Il giovane Rupert idolatra l’attore John ma il loro rapporto con il tempo cambia. Da semplice fan che ha avuto la fortuna di ricevere una risposta amichevole, gentile e innocente dal proprio eroe, egli ne diventa il confidente e, infine e involontariamente, la causa del suo declino professionale per uno scandalo inesistente costruito sull’ipocrisia della società benpensante.

Con una sceneggiatura molto originale e non riconducibile a nessun genere in particolare, Xavier Dolan riporta sul grande schermo i temi che l’hanno reso famoso nel mondo: la relazione conflittuale e disfunzionale tra madre e figlio, l’omosessualità, l’infanzia e il passaggio doloroso all’età adulta e le contraddizioni che ne derivano.

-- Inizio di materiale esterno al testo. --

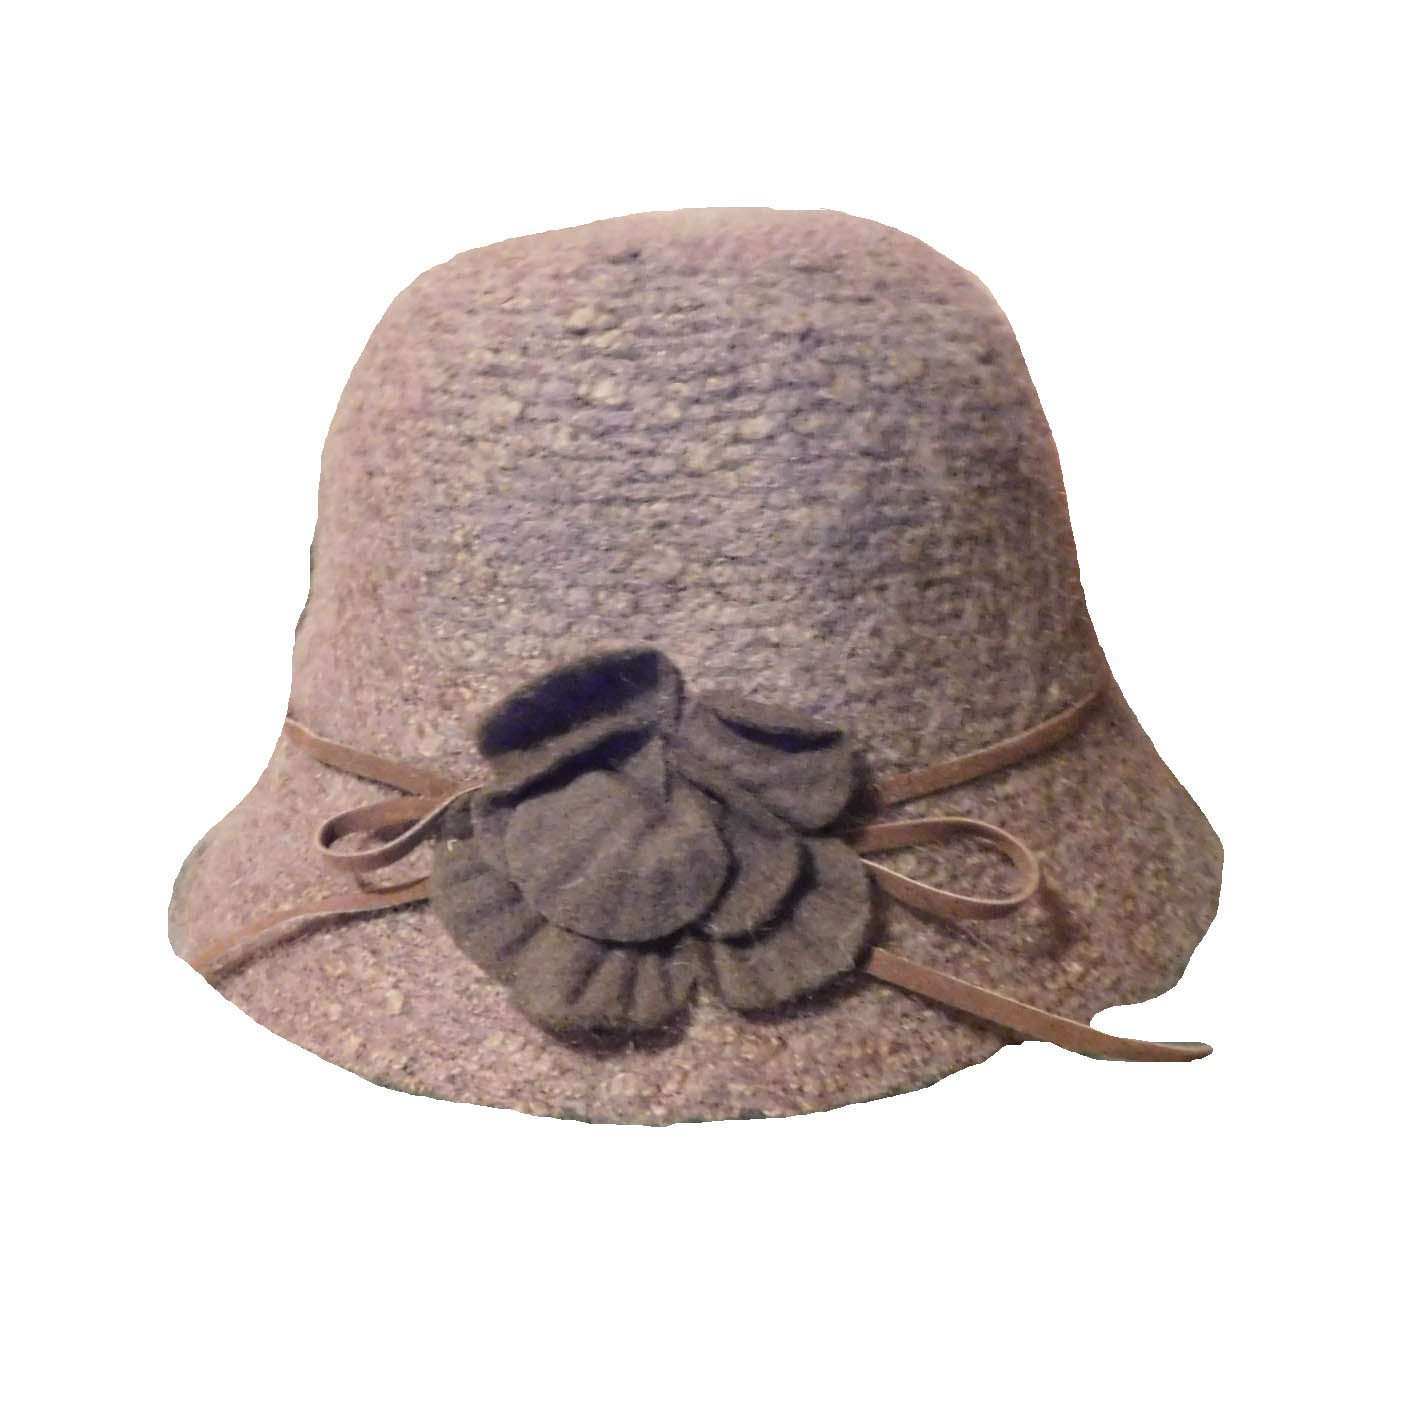 Mohair Cloche, Cloche - SetarTrading Hats

Su questi argomenti s’impiantano anche i temi dello show business e del tabù del dichiararsi gay nell’ambiente del cinema e, come lui ha vissuto in prima persona, cosa comporta diventare delle celebrità e quanto inesorabilmente cambia la vita privata di queste persone. Messe in una gabbia dalla quale diventa complesso fuggire, alle star s’impone un frenetico livello di attenzione costante della propria immagine.

Se un tempo in Italia per avere notizie vere o presunte sulle vite e gli amori dei personaggi famosi ci si basava sui pettegolezzi forniti o sfornati da riviste come Novella Duemila o Eva Express, oramai l’uso e forse abuso quotidiano di Instagram e Twitter ha ridotto ai minimi termini la distanza che separa noi dal vero mito.

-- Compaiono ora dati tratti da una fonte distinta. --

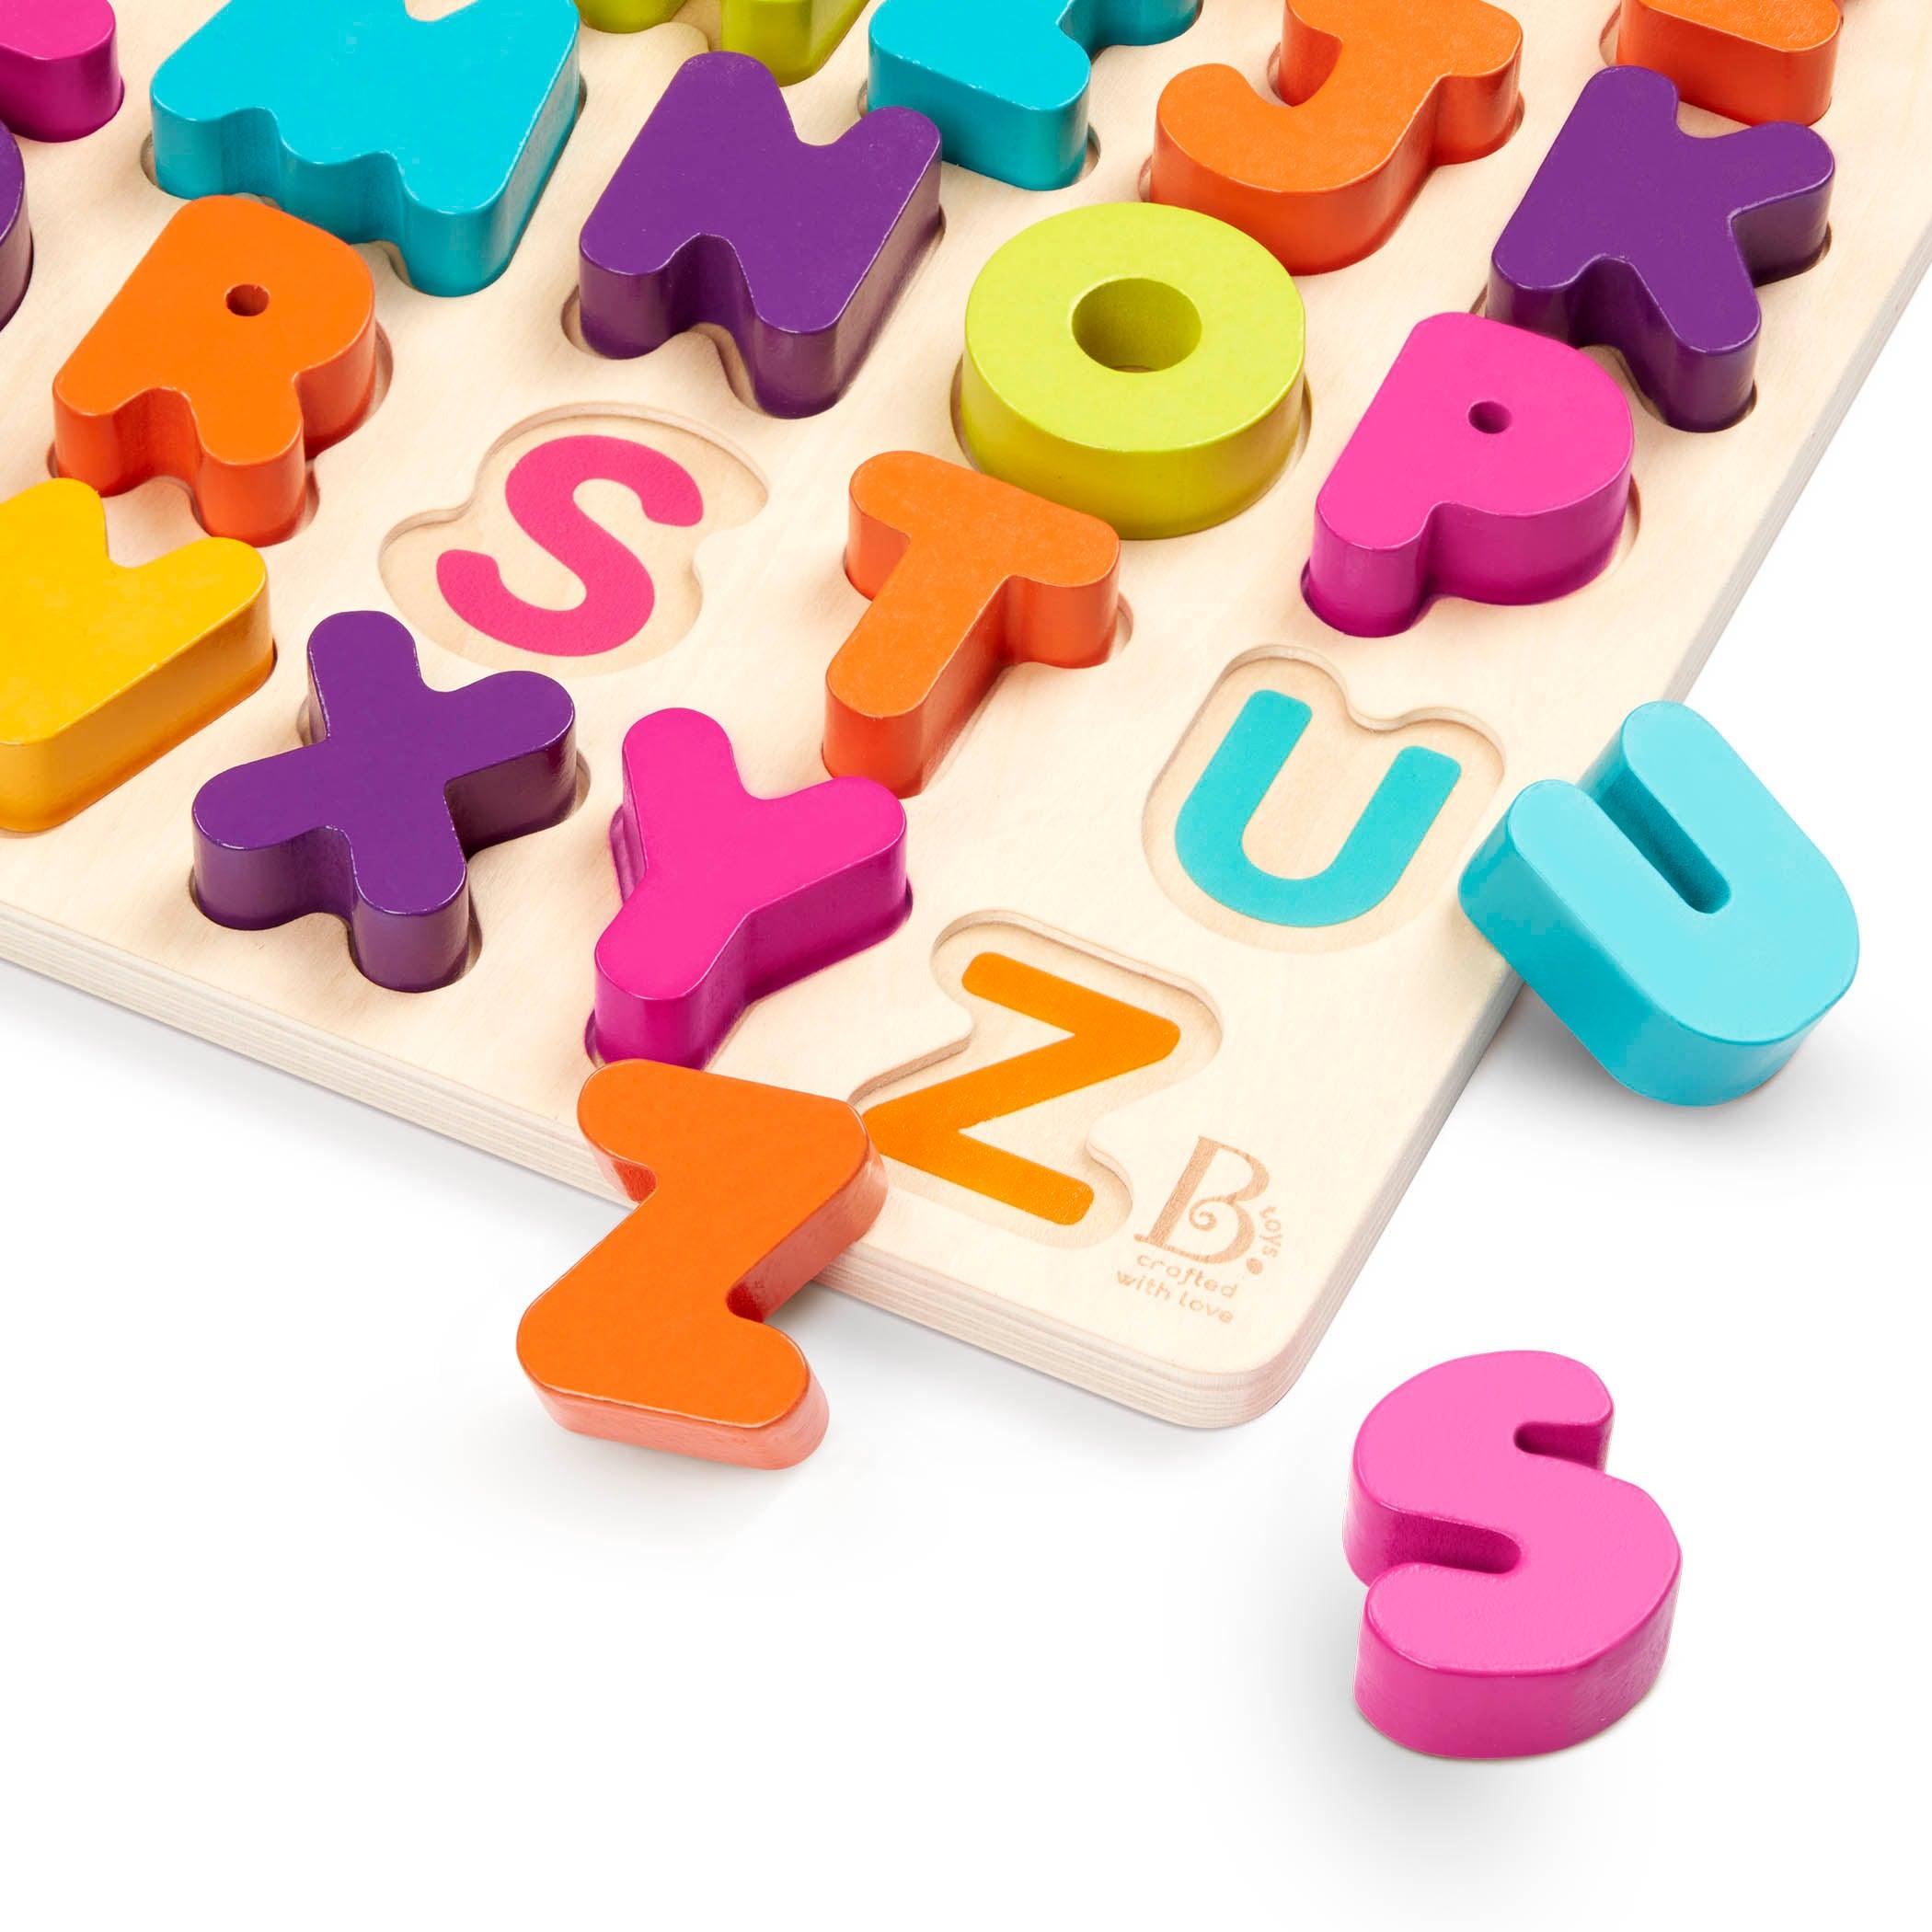 B.Toys: drewniana układanka alfabet duże litery Alpha B.tical - Noski Noski

Immaginate se Greta Garbo, simbolo di una femminilità raffinata e irraggiungibile, circondata da un perenne alone di mistero, avesse vissuto ai nostri giorni e pubblicato sulla sua pagina Facebook che a 36 anni si ritirava dalle scene per rintanarsi nel suo lussuoso appartamento di New York circondata dai suoi amati quadri di Renoir… Dopo mezza giornata non sarebbe più stata Divina per sempre ma una meteora come tante nel firmamento del mondo dello spettacolo.

Un altro tema che il regista non ha paura di mettere davanti agli occhi degli spettatori è quello del bullismo omofobico in ambito scolastico. Quando Rupert racconta davanti alla classe che da anni scrive al suo idolo non gli crede nessuno, ma quando si scopre che è vero e che John F. Donovan è gay (e quindi deve esserlo anche lui) s’innesca un meccanismo perverso che porterà alla scomparsa prematura del protagonista principale.

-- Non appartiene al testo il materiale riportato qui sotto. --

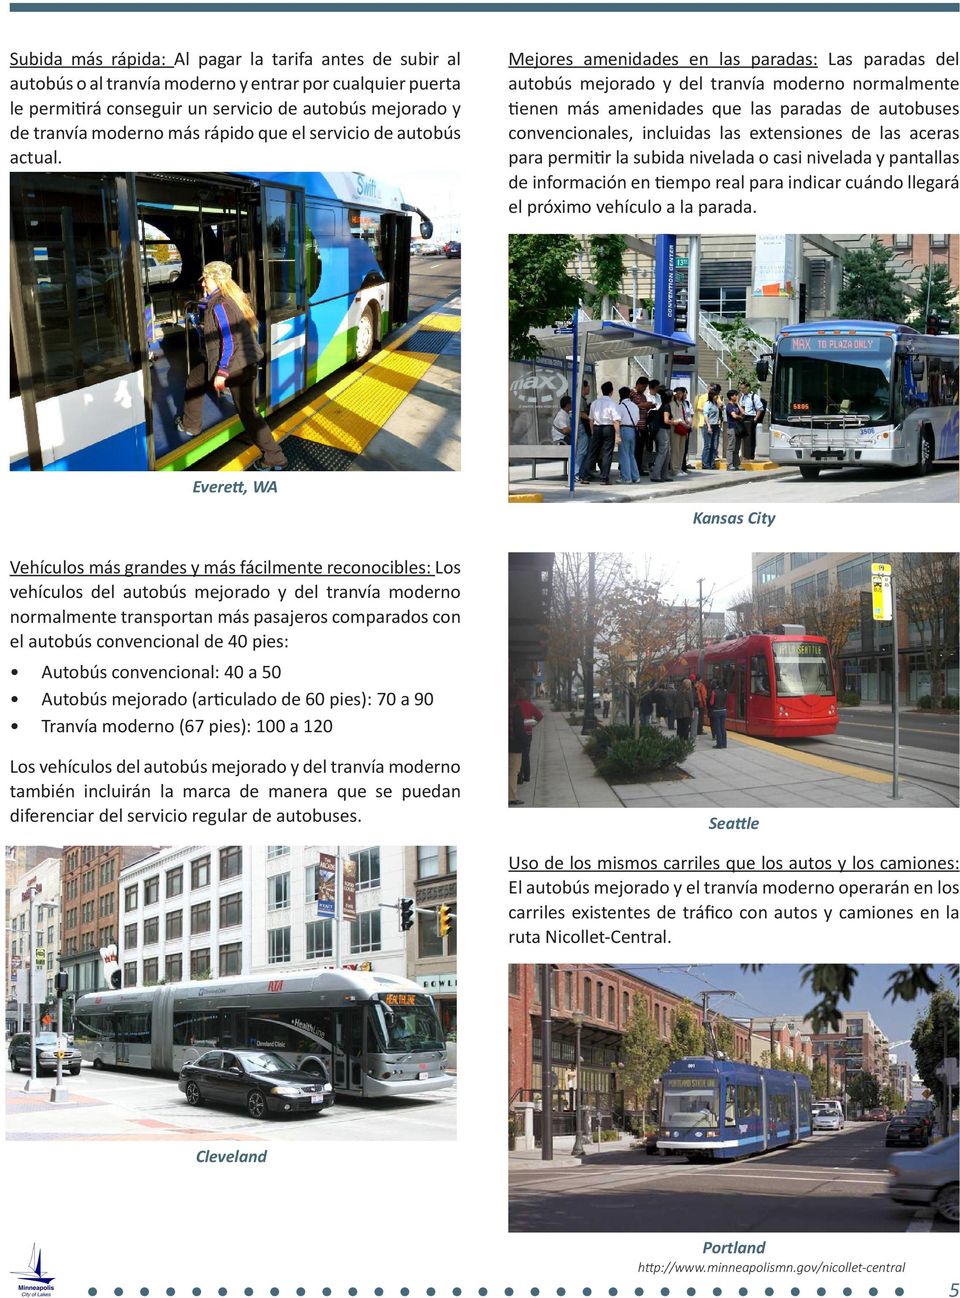 Mejores amenidades en las paradas: Las paradas del autobús mejorado y del tranvía moderno normalmente tienen más amenidades que las paradas de autobuses convencionales, incluidas las extensiones de

John combatte e perde una battaglia con se stesso a causa della non accettazione del proprio orientamento sessuale che si sente pure costretto a reprimere per salvaguardare la carriera. Questo però spingerà Rupert da adulto a essere più coraggioso e a compiere passi che gli permetteranno di accettare la sua vera identità come si vede nel finale della pellicola. Gli “errori” (veniali) compiuti da una generazione possono permettere a quelle successive di evolvere nel percorso collettivo delle nostre libertà di essere e di esprimerci per ciò che siamo.

La bellissima e struggente canzone My Mother Had A Brother (mia madre aveva un fratello) di George Michael, presente nel suo album Older, ci può spiegare questo meccanismo. Il cammino verso il coming out pubblico del cantante, infatti, anch’esso avvenuto a causa di uno scandalo iper-mediatizzato, è stato sotterraneamente sorretto dalla figura tragica di suo zio materno Colin, gay nell’Inghilterra dei primi anni ’60 (quando tra l’altro l’omosessualità era ancora reato), morto suicida quando George era appena nato ma del quale nessuno in famiglia gli aveva parlato per anni e anni. Una figura cui ispirarsi e da (ri)vendicare.

Verosimilmente la critica cinematografica generalista non è in grado di cogliere questi “dettagli”, ma sono anche questi oltre alle scenografie curatissime, alla scelta maniacale degli abiti e a una colonna sonora cucita come un abito d’alta moda sui vari passaggi emotivi che fanno di questo film di Xavier Dolan un, per noi bellissimo, film di Xavier Dolan.